Peterson’s YouTube channel is only a fraction of the screen time equation. West is adamant that the overuse of screen time is detrimental to children’s development, for boys in particular.

“My goal is to encourage as much ‘personhood’ as I can to them versus defined ‘manhood,’” Morton says.

“What do I really think about screen time? I think that it’s creating monsters,” she says, explaining that as it becomes more and more acceptable for families to rely on electronics, our boys need a parent’s presence more than ever.

“The very first issue I address with my male clients’ parents is their screen time and use of electronics,” she says. “As a society, we are allowing unlimited exposure to these, which can model violence and crude behavior to impressionable and vulnerable minds.”

While studies disagree about the long-term impacts of violent entertainment, West believes that screen time itself, no matter what’s on said screen, is toxic.

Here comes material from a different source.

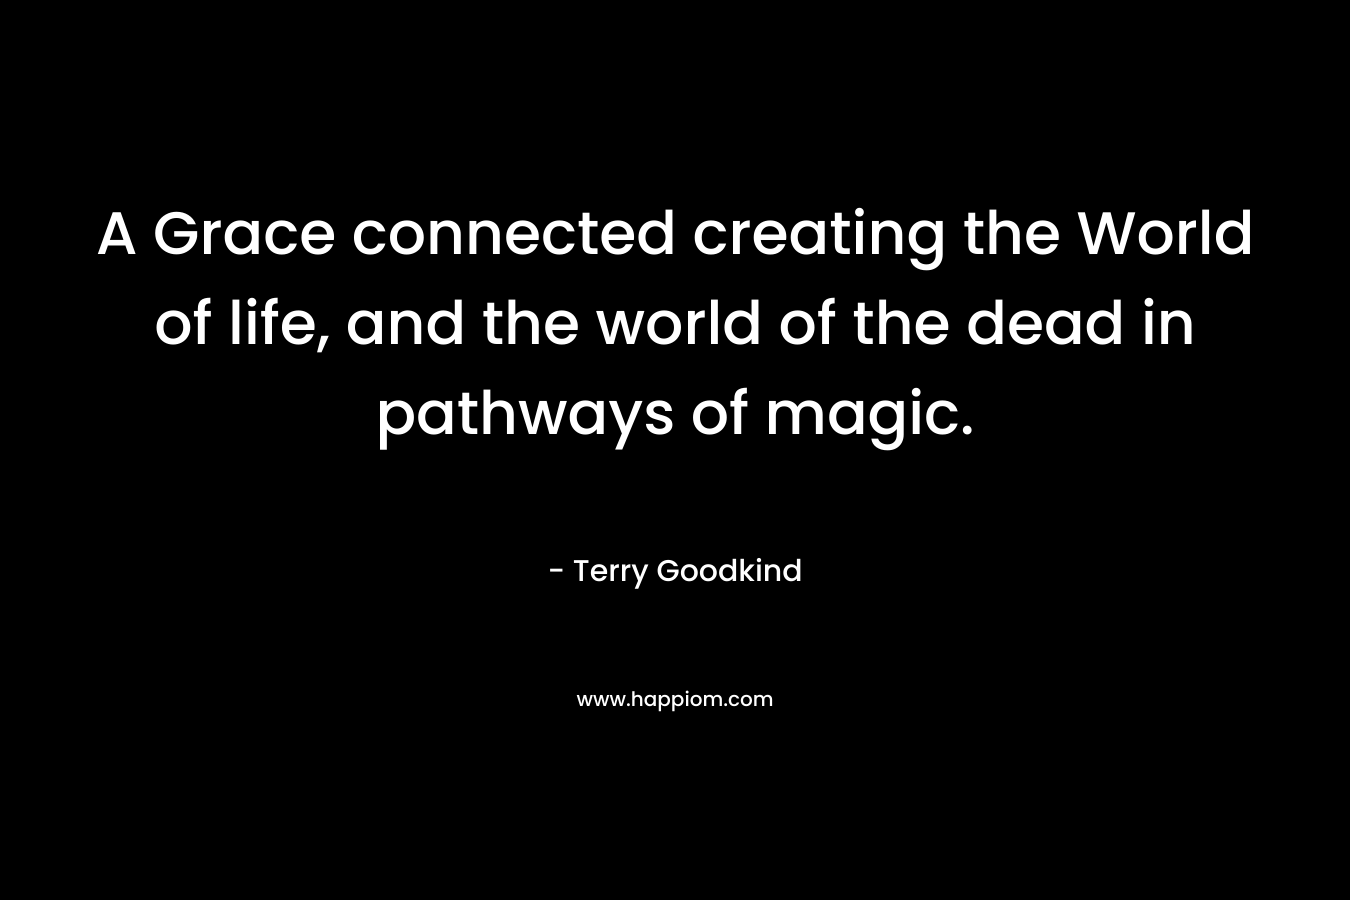 A Grace connected creating the World of life, and the world of the dead in pathways of magic. – Terry Goodkind
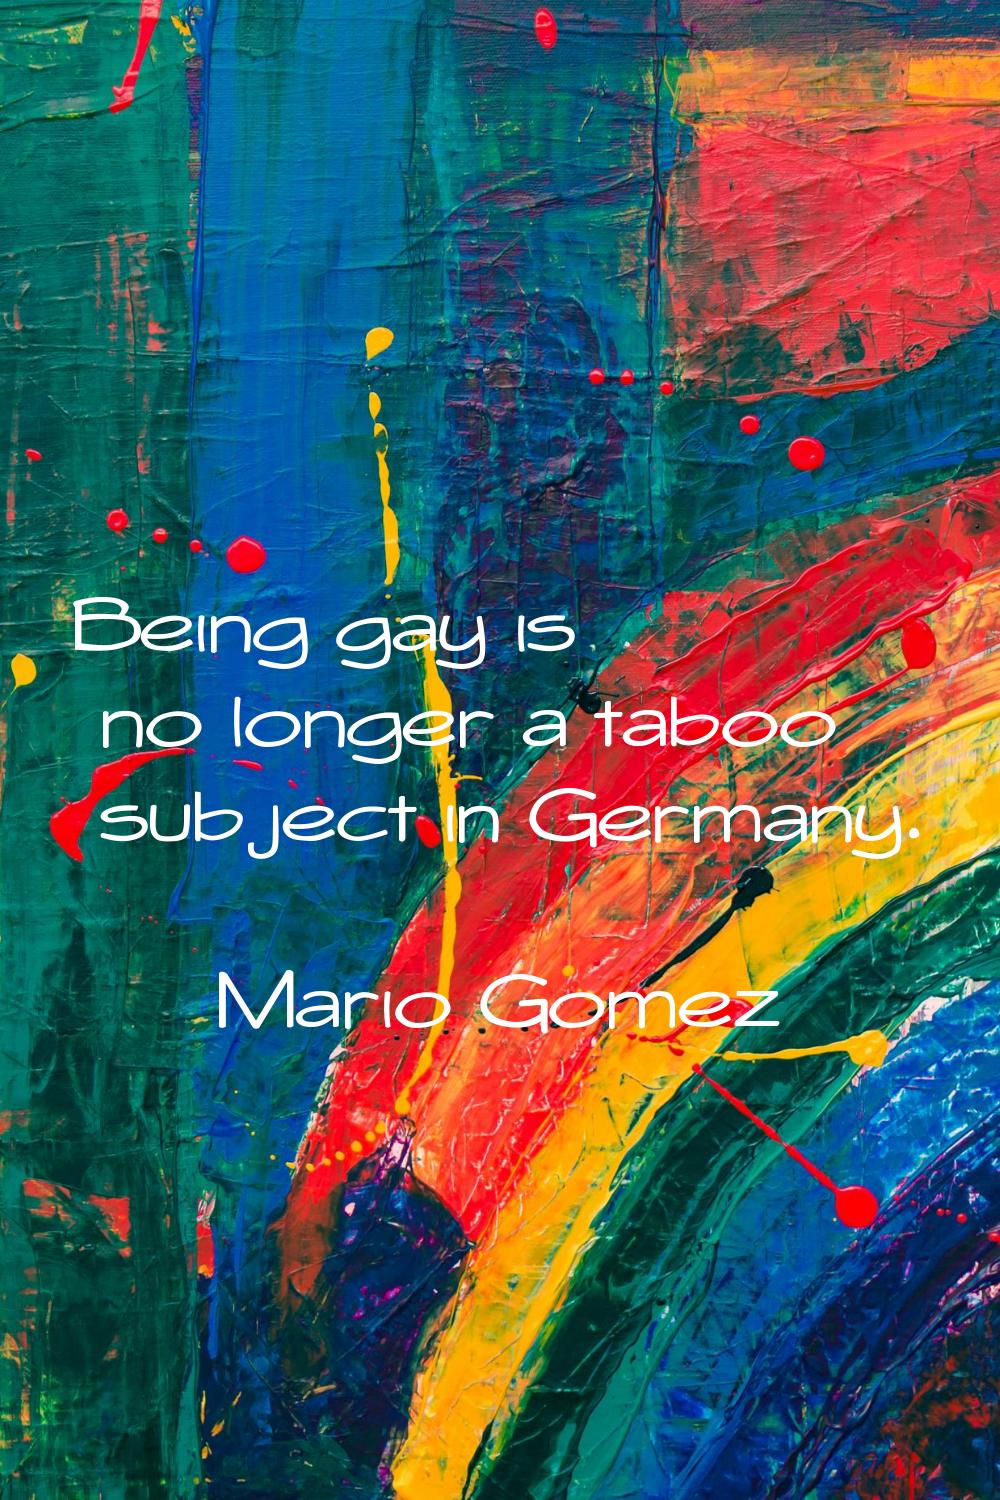 Being gay is no longer a taboo subject in Germany.

Namely, the instant gratification that comes with being constantly “plugged in” is robbing our boys of the ability to appropriately express empathy, compassion and patience.

The first thing she advises for her patients is an “electronic detox,” during which the boys unplug and are encouraged to spend more time outdoors riding bikes or playing board games with their families.

“We need to take back the power from tablets, video games, and smartphones,” West says. “If we don’t, we are losing our ability to raise our kids into good people, not just people with good behavior.”


It’s hard in the moment to picture our rambunctious little boys as grown adults, but it is crucial that we turn our focus on just that.

“The definition of masculinity is rapidly changing,” Davison says. “The nature of what masculinity has been, and what it is becoming, is contingent upon the changing of past beliefs. Parents need to adopt what boys are saying they require emotionally and mentally.”

This means policing the language we use with our boys to encourage emotional health (see sidebar at right for phrases to avoid) and paying closer attention to the behaviors we promote and accept.

“My goal is to encourage as much ‘personhood’ as I can to them versus defined ‘manhood,’” Morton says.

She urges her male clients to embrace what they like without focusing on the outside reactions from their family, peers or social media platforms. For moms and dads, it is critical to stress to our boys the value in their distinct personalities, interests and characteristics without pushing them toward what society says they should be like.

“It’s important that we encourage our boys to be individuals rather than modeling themselves after what society expects them to be,” Wade emphasizes.

Efforts such as the #MeToo movement have provided platforms for this reformation of manhood, similar to the cultural changes we experienced within the last generation regarding our girls.

“It used to be that girls needed to be quiet, passive and ladylike. Then we realized that those messages weren’t the best for our girls,” Bones explains, adding that over time, society began to encourage girls to be more assertive, independent and true to themselves.

“We didn’t ban or demonize femininity; we just decided to drop some of these damaging ideas of what it means to be a girl. That’s what we’re doing with boys now.”